A plugin system where AI agents plan, build, review, and deploy — like a real engineering team



The Problem Nobody Talks About

Every developer using AI assistants hits the same wall.

You ask an AI to "add user authentication." It generates code. Maybe good code. But it doesn't know your project's patterns. It doesn't check if the code is secure. It doesn't create a pull request. It doesn't track what was done or what comes next.

You're still the glue holding everything together.

I wanted something different. I wanted AI agents that work like a real engineering team — where one agent plans the work, another builds it, another reviews it, and another tries to break it. Where knowledge accumulates across sessions. Where "add user authentication" triggers an entire workflow that ends with a reviewed, tested pull request.

So I built AI Agent Manager.



What Is AI Agent Manager?

AI Agent Manager is a Claude Code plugin that provides 8 specialized AI agents for software development. Each agent has a distinct role, distinct tools, and a distinct personality — just like teammates on a real engineering team.

It's not a framework. It's not a SaaS product. It's a set of Markdown prompt files with YAML frontmatter that plug directly into Claude Code's CLI. No servers. No APIs. No infrastructure. Just agents that understand your codebase and get work done.

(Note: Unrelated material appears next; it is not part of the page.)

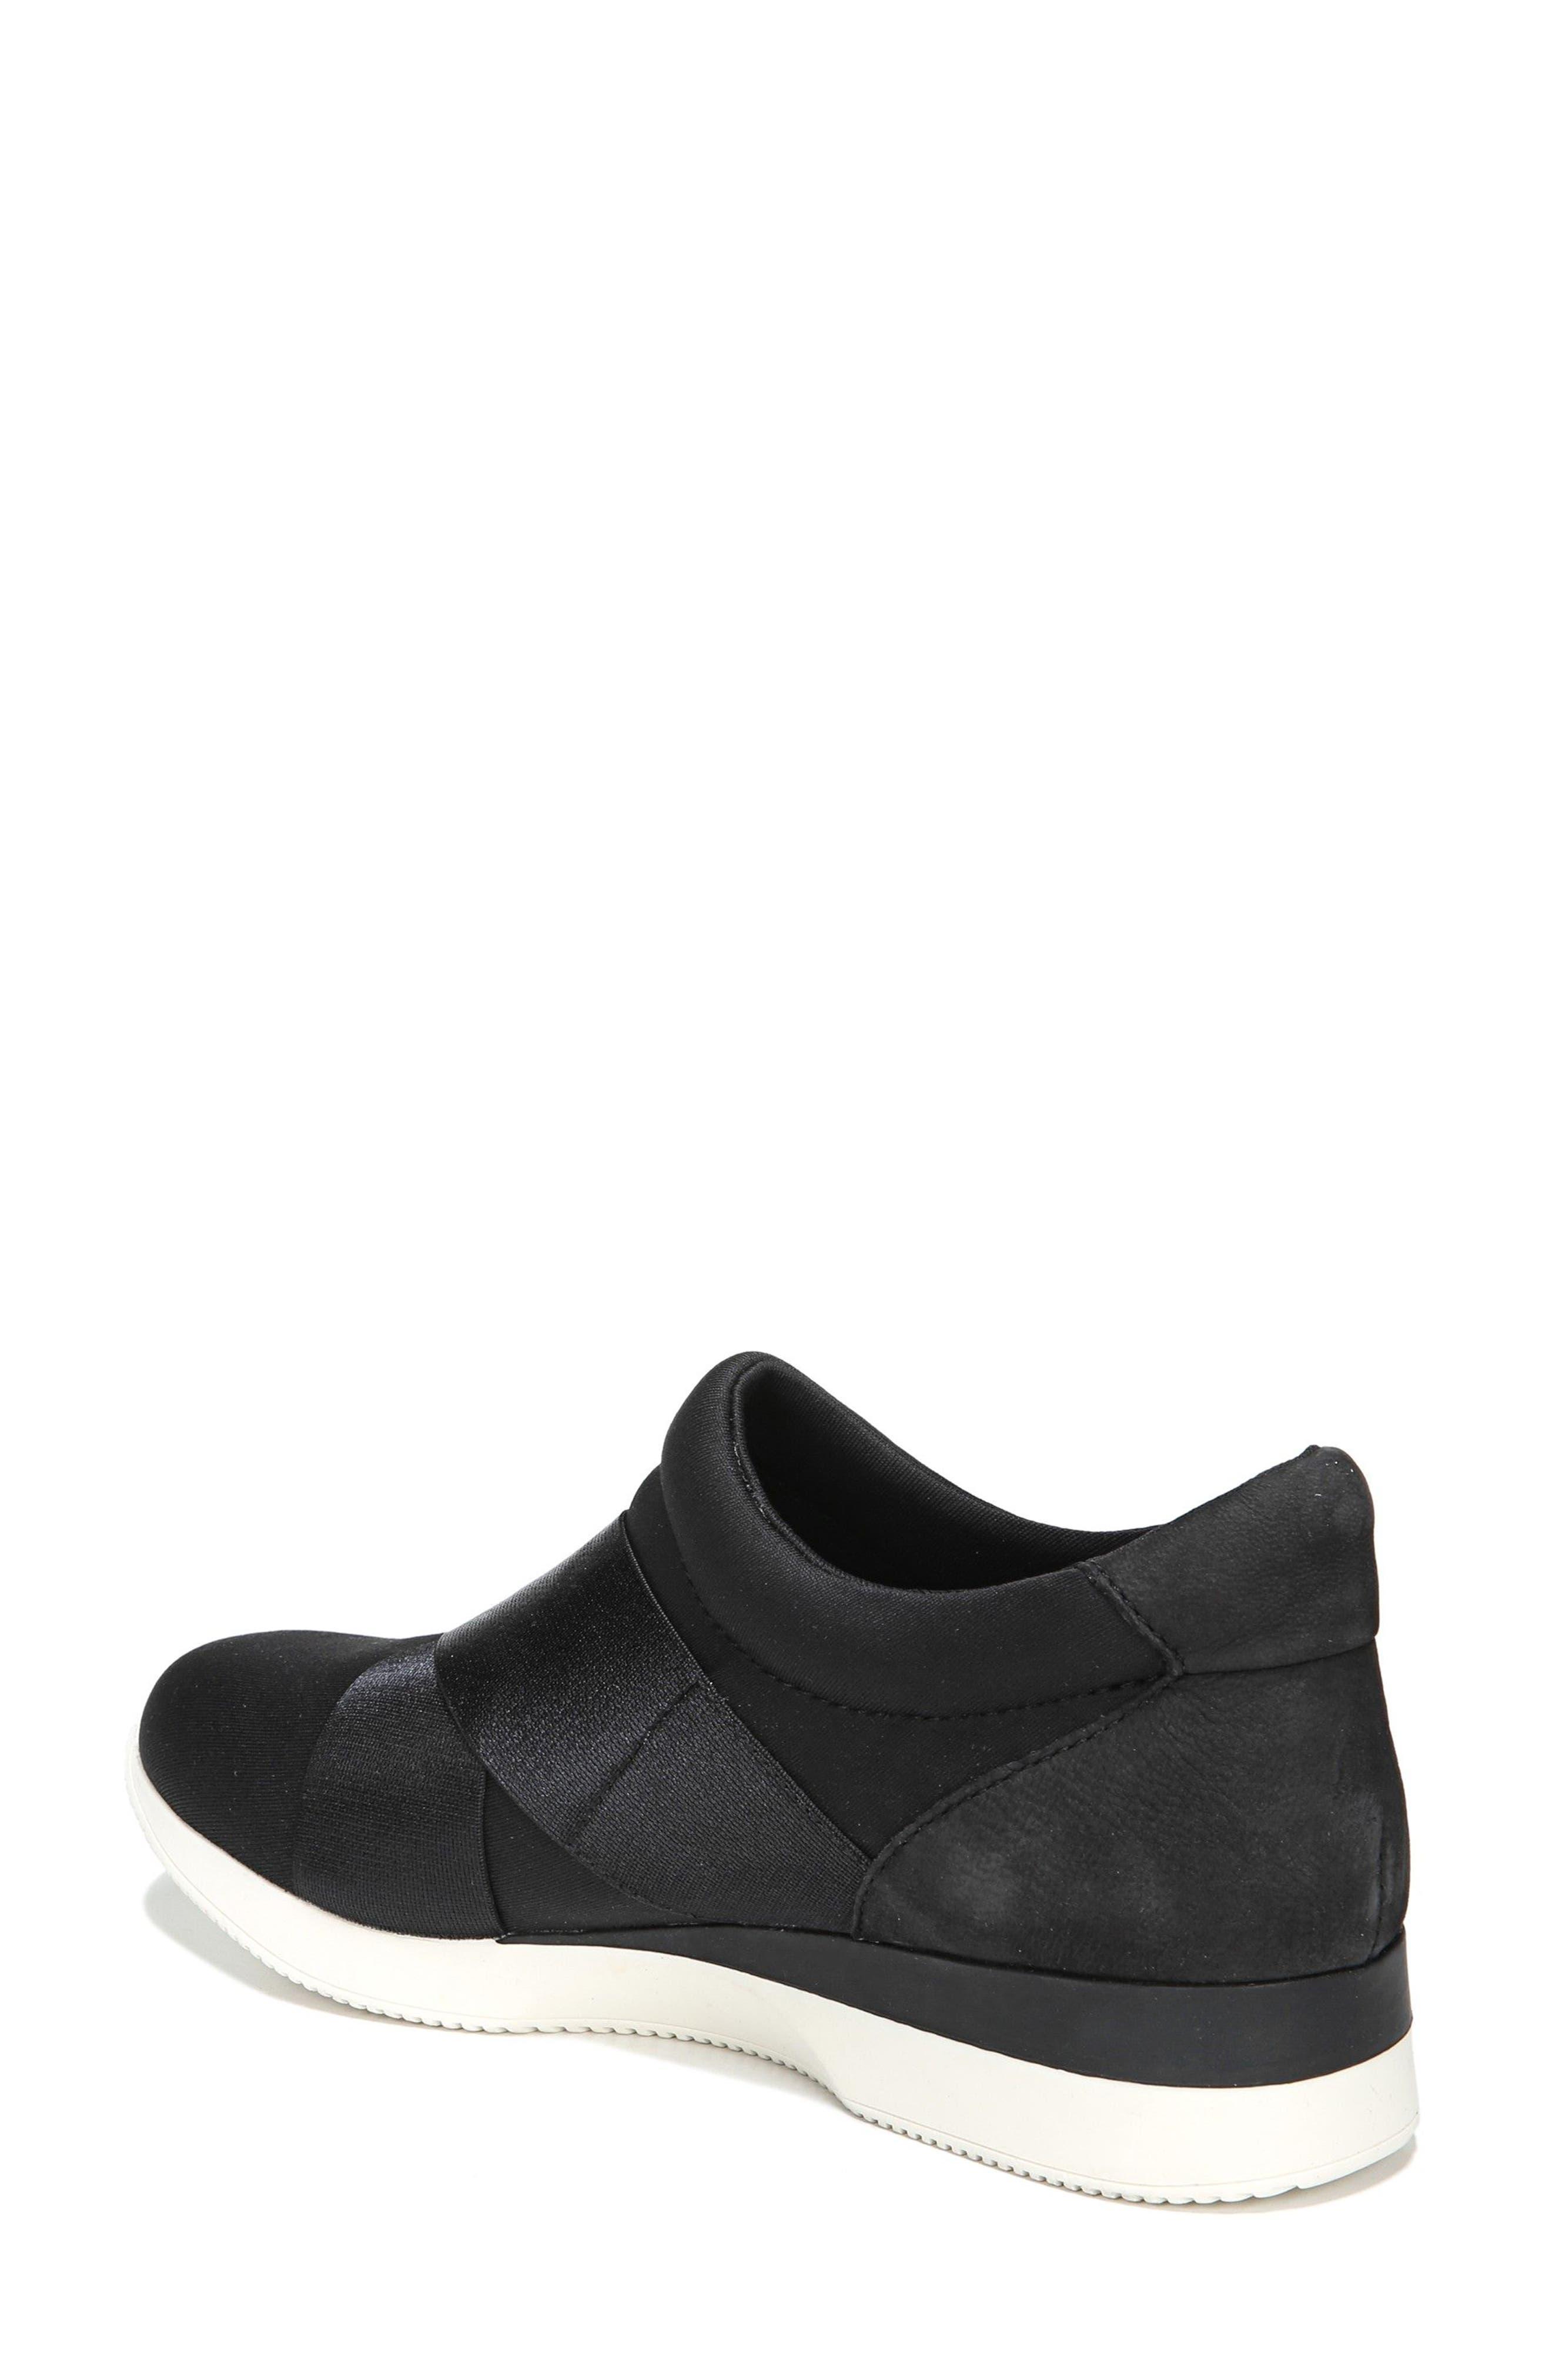 Alternate Image 2  - Naturalizer Joni Slip-On Sneaker (Women)

Here's what makes it different from "just using AI":

  • Agents have roles. A Code Reviewer doesn't write features. A Worker doesn't do planning.
  • Agents have memory. They remember your project's patterns across sessions.
  • Agents collaborate. The output of one becomes the input of the next.
  • Work is tracked. Every task, subtask, and review decision is recorded.
  • Execution is parallel. Multiple workers build simultaneously using git worktrees.

Meet the Team



1. Launch Pad — The Readiness Planner

Before any code is written, Launch Pad takes your raw goal and prepares it for execution. It runs a 6-phase process:

VALIDATE > DISCOVER > ANALYZE > DECOMPOSE > PACKAGE > REFINE & SAVE

Give it "add user authentication" and it will:

  • Scan your codebase to understand existing patterns
  • Identify which files will be impacted
  • Estimate parallelism opportunities
  • Produce a "Supervisor-Ready Brief" — a structured document that tells the Supervisor exactly what to do

Think of it as the architect who draws blueprints before construction begins.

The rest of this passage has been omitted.